Furthermore, national searches for granny flat during April 2026 were the highest they have been since 2022; dual living was close to record highs, and searches for self-contained are well above earlier levels, indicating a longer‑term upward trend.
Although search volumes don’t directly translate to sales, they indicate growing interest in homes with multiple self‑contained living spaces. This interest may be underpinned by several factors.
The first is the ability for additional self-contained spaces, like granny flats, to produce additional rental income. With interest rates expected to rise further and monthly repayments hovering at historical highs, properties with these features may be more attractive as they have the potential to offset these rising homeownership costs.

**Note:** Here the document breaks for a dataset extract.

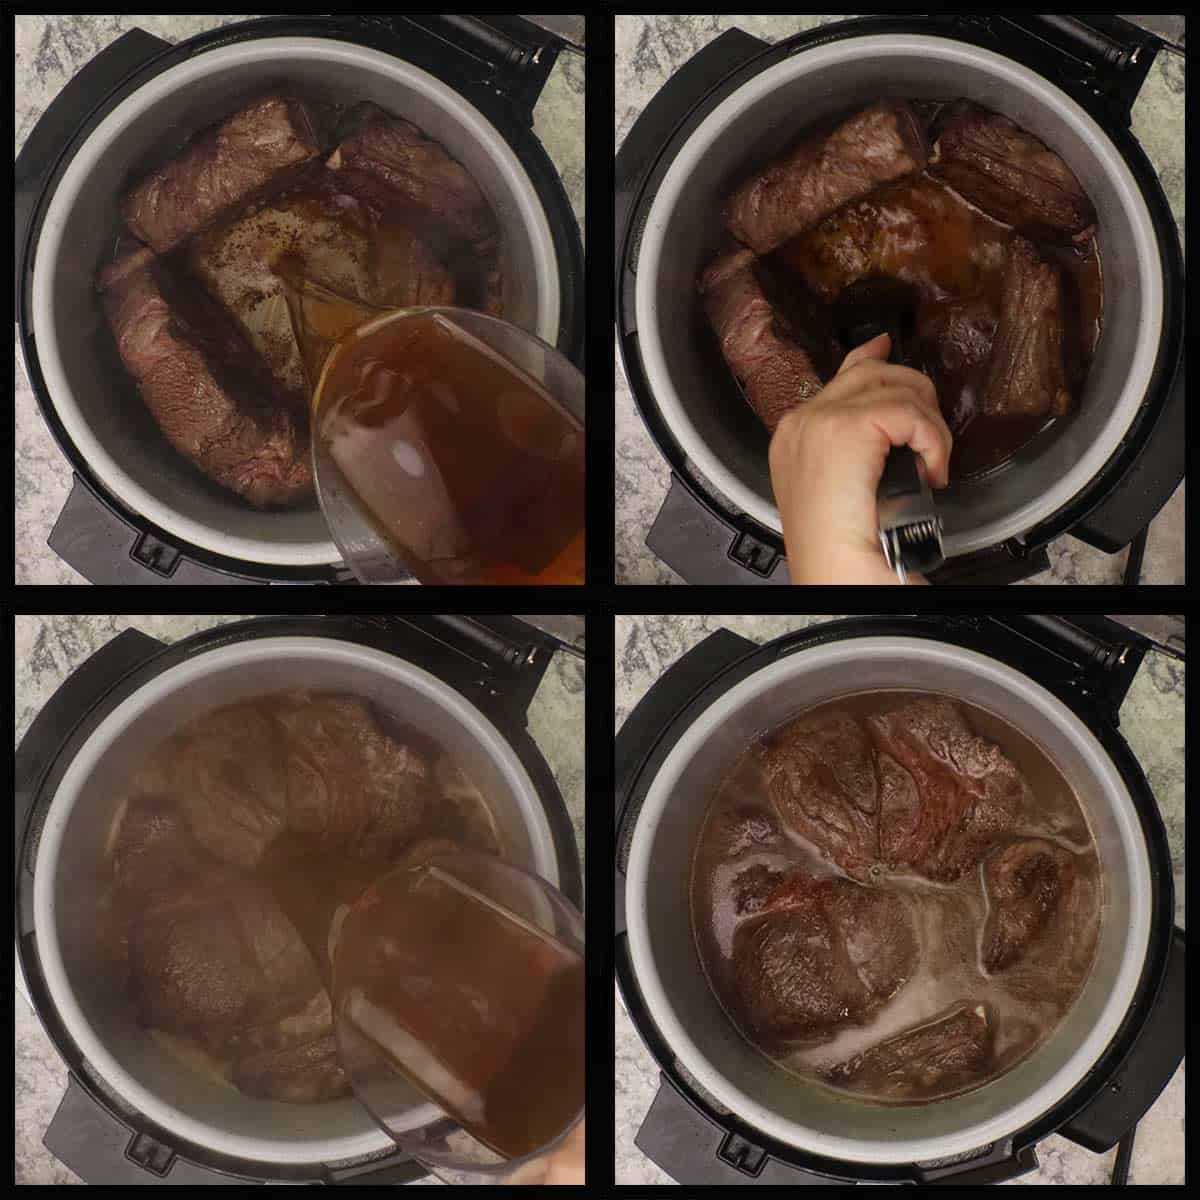 deglazing the pot after searing birria meat.

Despite the upfront cost of these homes typically being higher, the added flexibility and potential financial benefits may outweigh this for some buyers.
Another factor could be the rise in the co-ownership of homes and greater consideration of multi-generational living, likely driven by affordability pressures. According to NAB home lending data there has been a 33% increase in family or friends joint-purchasing homes nationally. Homes with dual-living arrangements are well-suited for these scenarios as they allow for clearer separation of use and costs while also preserving flexibility around how the property is occupied.
Housing affordability pressures may be influencing the types of homes buyers search for, but they have also had an impact household formation and living arrangements.
Household sizes have remained fairly stable since the early 2000s
While household sizes have declined over the past century, they have remained relatively stable since the early 2000s. After falling sharply from 3.1 to 2.6 people per household between 1976 and 2001, average household size has edged down only marginally over the past 24 years, to around 2.5.
This stabilisation can be attributed to many potential factors, including broader demographic trends such as population ageing, a rise in multi-generational households and delayed household transitions.
The latter two are likely to be driven by the under supply of new housing and limited rental availability which has driven up costs of renting. However, the decline in housing affordability for buyers has been particularly influential, especially among younger people who tend to have lower incomes and fewer savings.
Research from Australian Institute of Family Studies (AIFS) shows that there has been an increase in the number of young adults living with their parents. Among those aged 20–24, 51% of men and 43% of women lived with their parents in 2021, up from 46% and 36% respectively in 2006. There was also an increased share of people aged between 15-19 and 25-29 years living with their parents over the same period.
How will housing preferences and structures evolve?
With financial markets predicting further interest rate hikes this year, following strong inflation from geopolitical conflicts, we expect demand for housing to soften and home prices to decline slightly as a result.
Recent policy changes on negative gearing and CGT may also contribute to this decline with Treasury estimates forecasting that price growth will slow by 2% over two years.
2026's Budget could weigh on the housing sector, with a shakeup in capital gains tax and negative gearing shifting sentiment. Picture: Hilary Wardhaugh/Getty Images
Despite the anticipated easing in home prices, housing affordability is still near record lows. This is likely to continue, given declines in borrowing capacity and housing supply remaining below government targets set for 2030.
While housing affordability pressures will shift buyer preference toward lower and middle segments of the market, we expect interest in homes that offer multi-living to increase further as people seek out options to offset the impending growth in mortgage costs, including co-ownership or multi-generational living.
The ABS projects that population ageing will continue which could increase the instances of adult children living with ageing parents and care-related co-residence. In addition, longer timeframes required to save for a deposit are expected to contribute to a further rise in the share of young adults living with their parents. Together, these trends are likely to reinforce the stabilisation of or even increase the average household size in the long-term.